> _Source information_:

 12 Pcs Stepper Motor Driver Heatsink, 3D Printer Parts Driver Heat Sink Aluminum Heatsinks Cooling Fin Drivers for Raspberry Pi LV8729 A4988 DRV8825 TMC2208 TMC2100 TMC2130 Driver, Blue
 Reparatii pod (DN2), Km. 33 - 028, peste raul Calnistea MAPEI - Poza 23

--

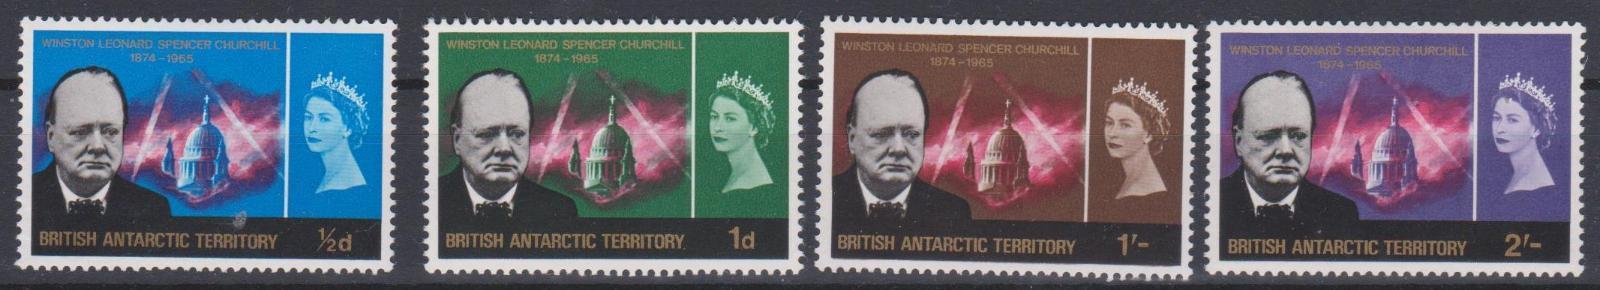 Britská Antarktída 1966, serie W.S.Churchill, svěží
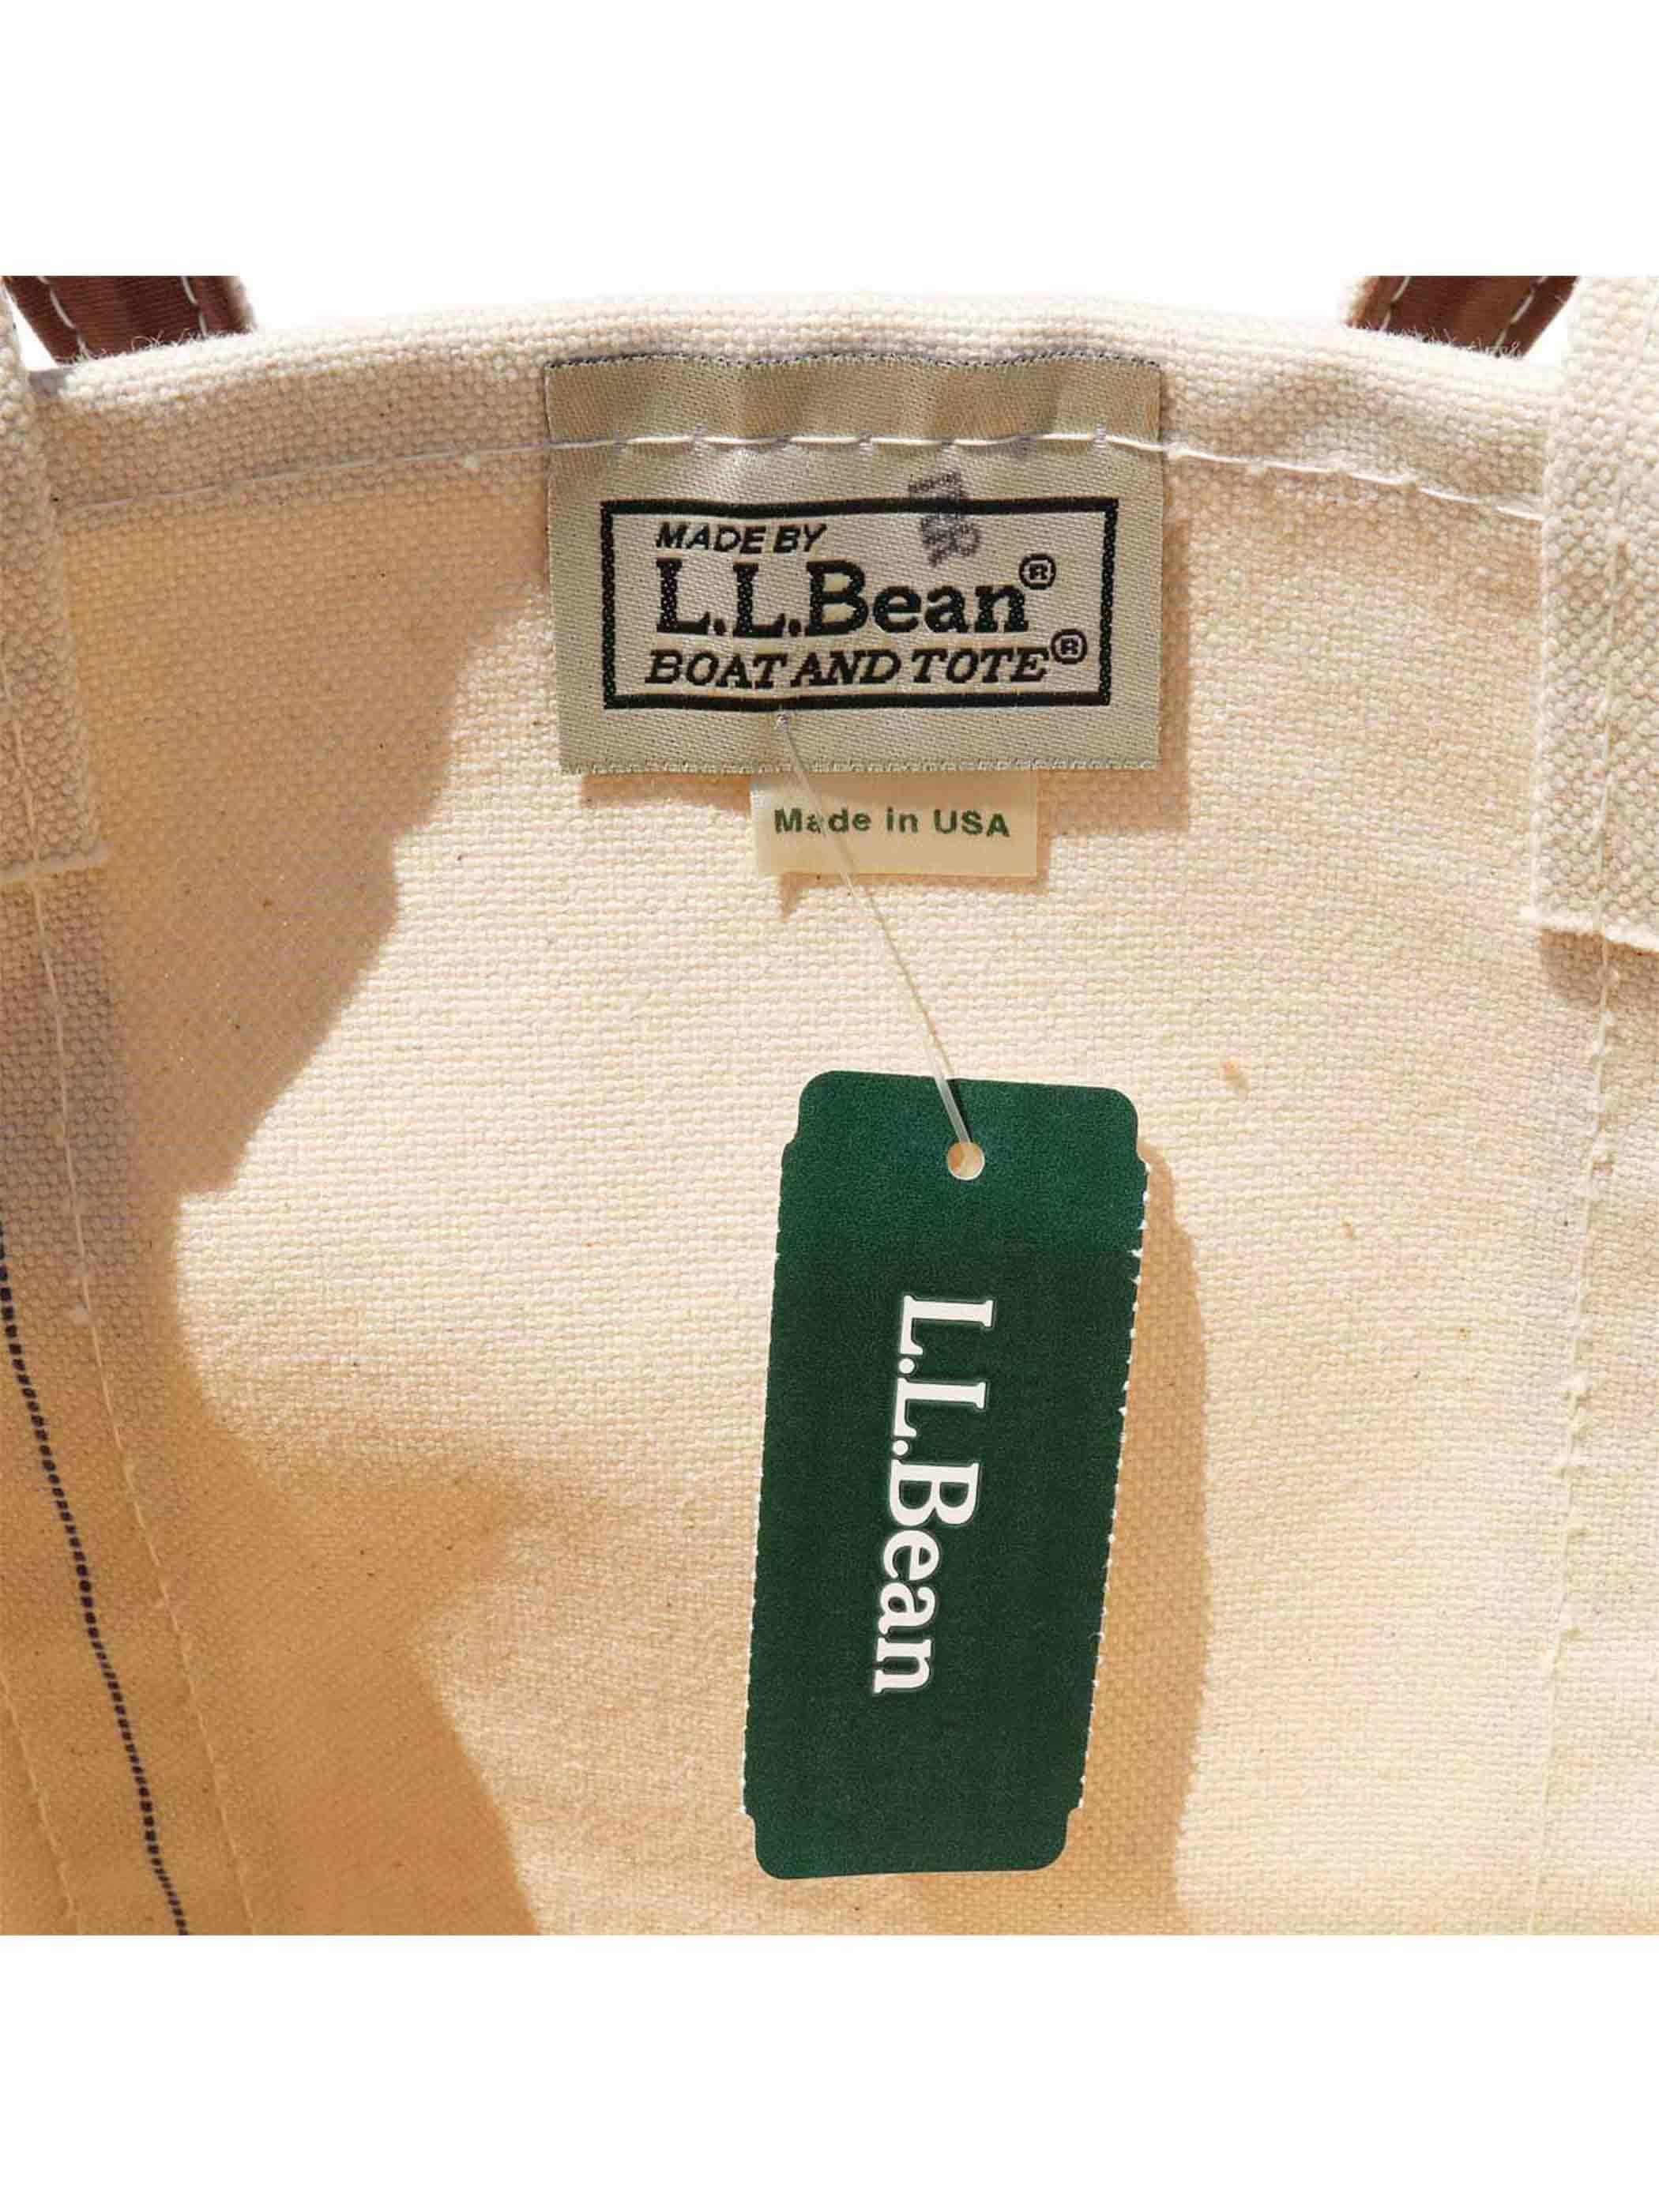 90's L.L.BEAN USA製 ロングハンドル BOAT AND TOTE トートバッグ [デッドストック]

--

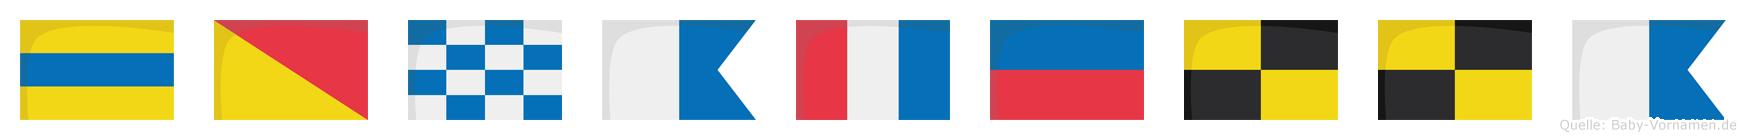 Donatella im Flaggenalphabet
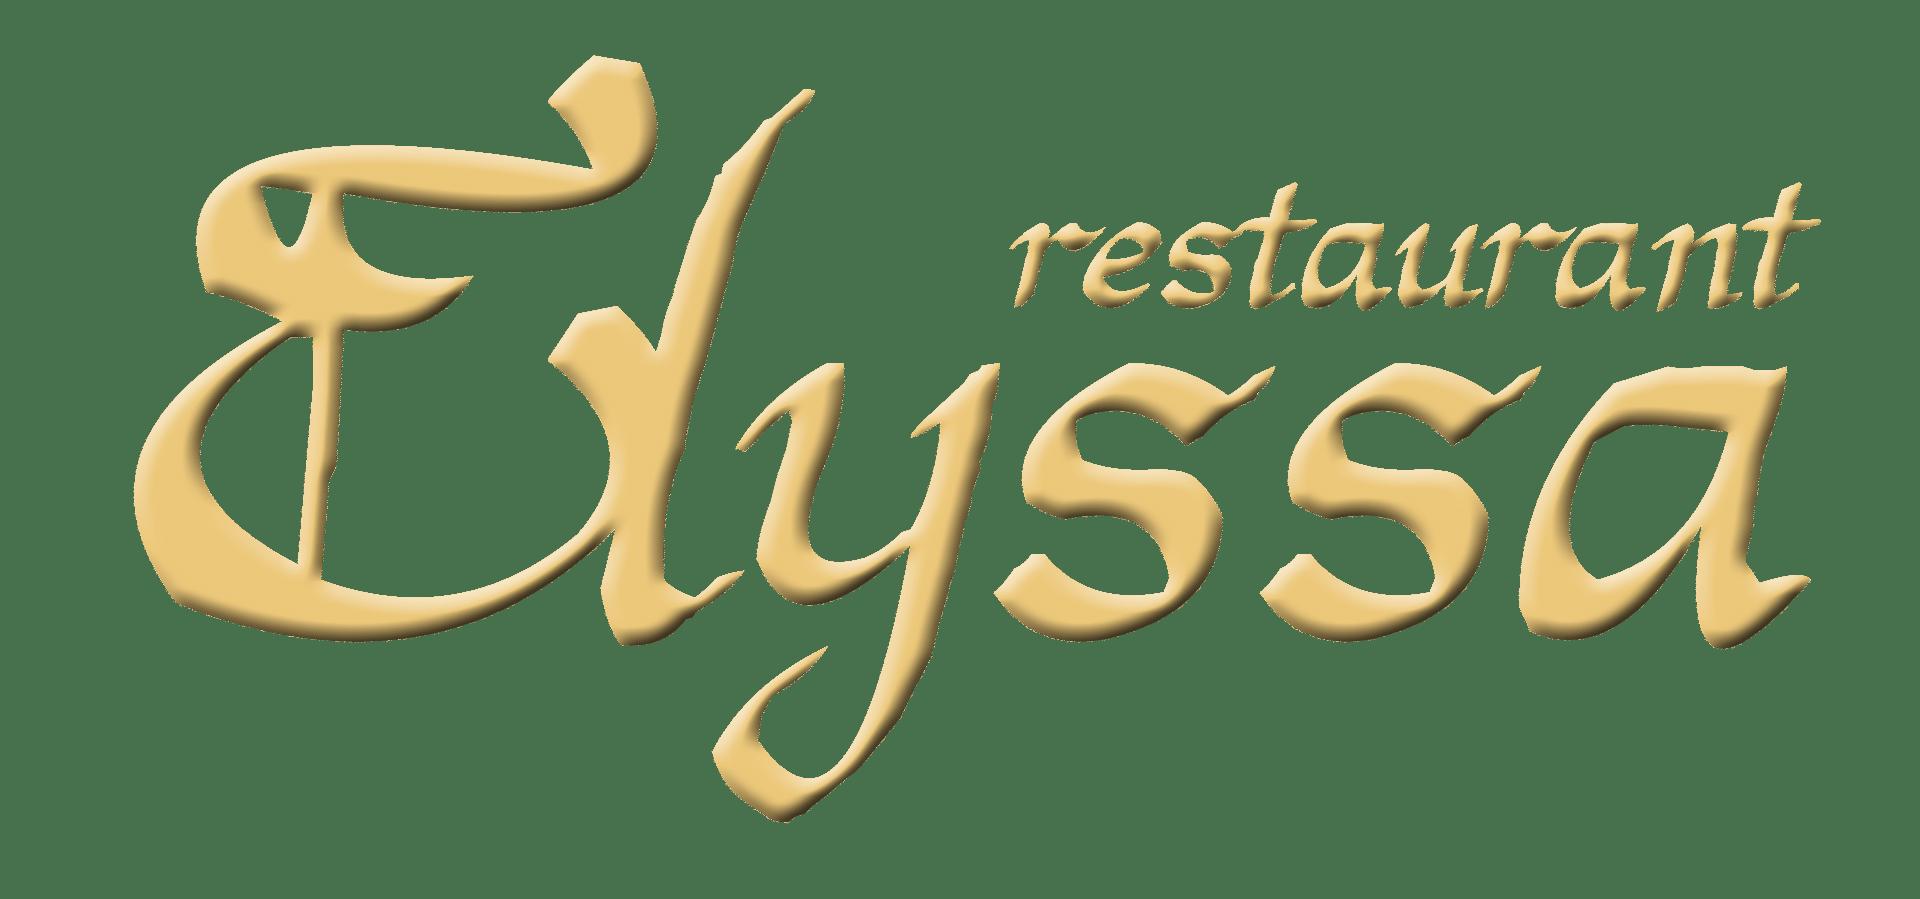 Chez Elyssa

> _Problem details_:
In the listing above, the lines from the one containing "12 Pcs Stepper" through the one containing "Reparatii pod (DN2), Km." must be set down exactly, with no other lines.

> _Written response_:
 12 Pcs Stepper Motor Driver Heatsink, 3D Printer Parts Driver Heat Sink Aluminum Heatsinks Cooling Fin Drivers for Raspberry Pi LV8729 A4988 DRV8825 TMC2208 TMC2100 TMC2130 Driver, Blue
 Reparatii pod (DN2), Km. 33 - 028, peste raul Calnistea MAPEI - Poza 23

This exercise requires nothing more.